Самолет был похож на неуклюжего деревянного змея — доисторическая модель Р-38. Два тарахтящих мотора были установлены между верхними и нижними крыльями по обе стороны гондолы. Хвостовое оперение крепилось при помощи деревянного каркаса. Самолет выглядел довольно хрупкой конструкцией. Однако все крепко держалось на своих местах, когда он понесся по полю, как детская коляска, пущенная с горки. После нескольких прыжков по земле он наконец взлетел, хотя трудно было поверить, что такой скорости было достаточно, чтобы оторваться от земли. Порыв ветра ударил Фармену в лицо. Он поспешно нацепил очки. Им понадобилась целая вечность, чтобы подняться на высоту шесть тысяч футов. Набрав высоту, Блэйк перестал двигаться по спирали и направил аэроплан на восток. Воздух, казалось, был полон горок и ям, по которым трясся аэроплан. Он то и дело срывался в воздушные ямы. В животе у Фармена образовался комок.
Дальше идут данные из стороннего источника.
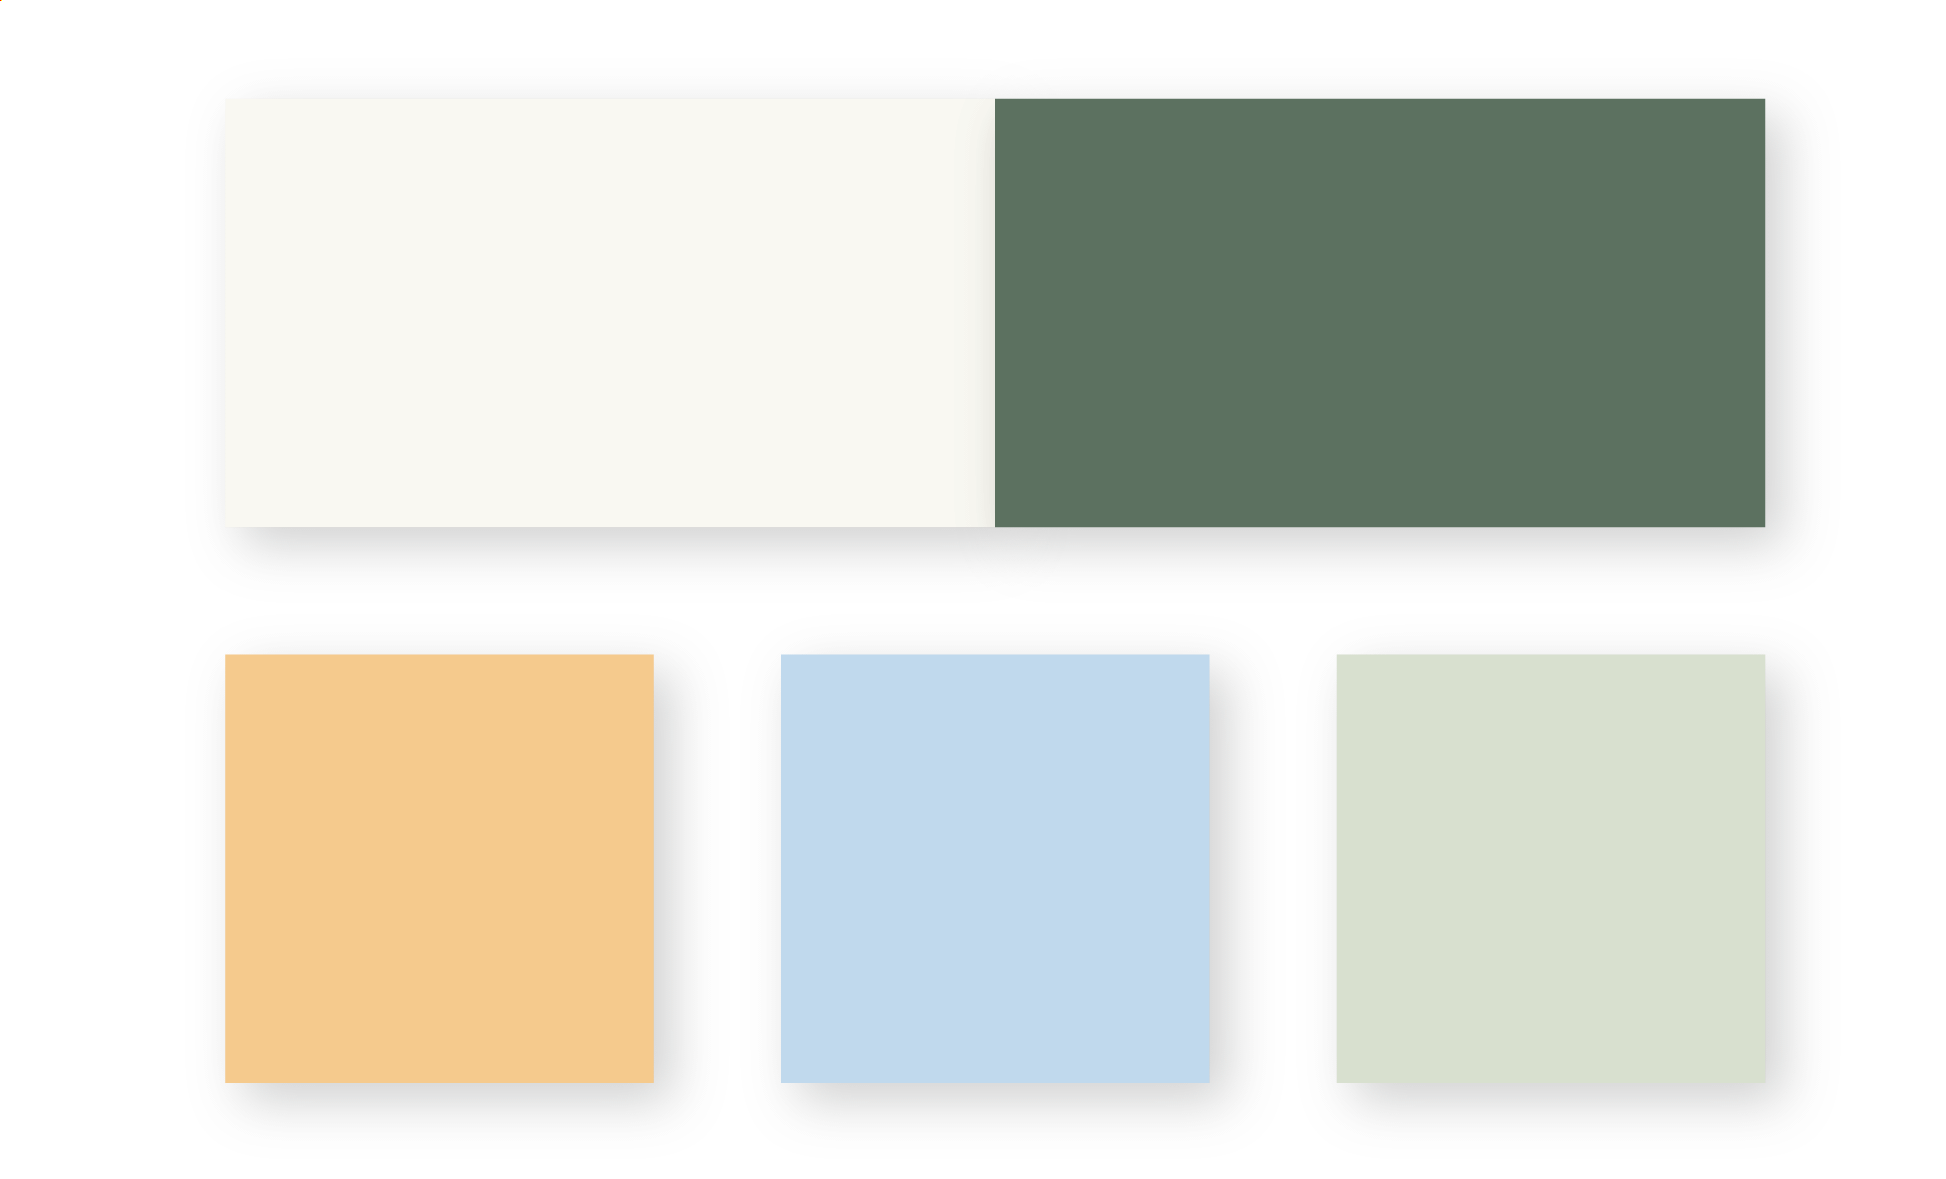 Farger som er benyttet i den grafiske profilen til Fra Nittedal, bruk av lys beige, mørk grønn, oransje, lys blå og lys grønn.
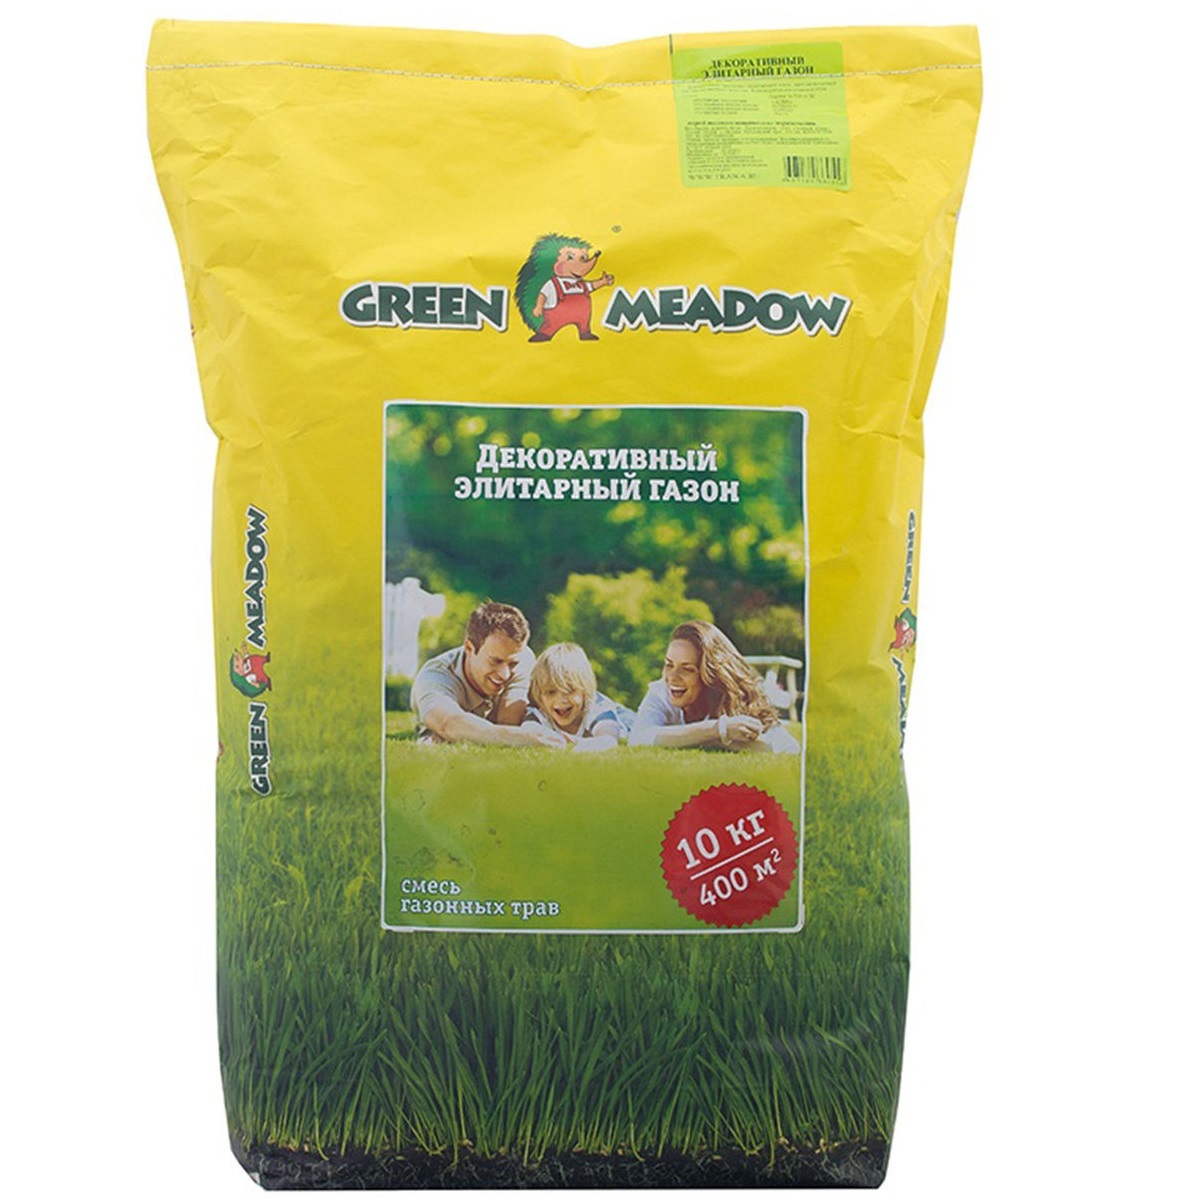 Газон Green Meadow партерный английский 10 кг газон green meadow декоративный элитарный 1 кг

Его тошнит? Этого просто не могло быть. Все что угодно, но только не это. Он был опытным летчиком и налетал более десяти тысяч часов. Его не могло тошнить. Он сглотнул слюну и крепко уцепился руками за сиденье.
Блэйк, сидящий в передней кабине, что-то кричал ему, указывая рукой вниз. Фармен повернул голову. Поток воздуха чуть не сорвал с него очки. Далеко внизу, как на диораме, виднелась сеть вырытых окопов, кривыми линиями тянувшаяся по голой земле. Все пространство между ними было усеяно воронками и напоминало лунный ландшафт.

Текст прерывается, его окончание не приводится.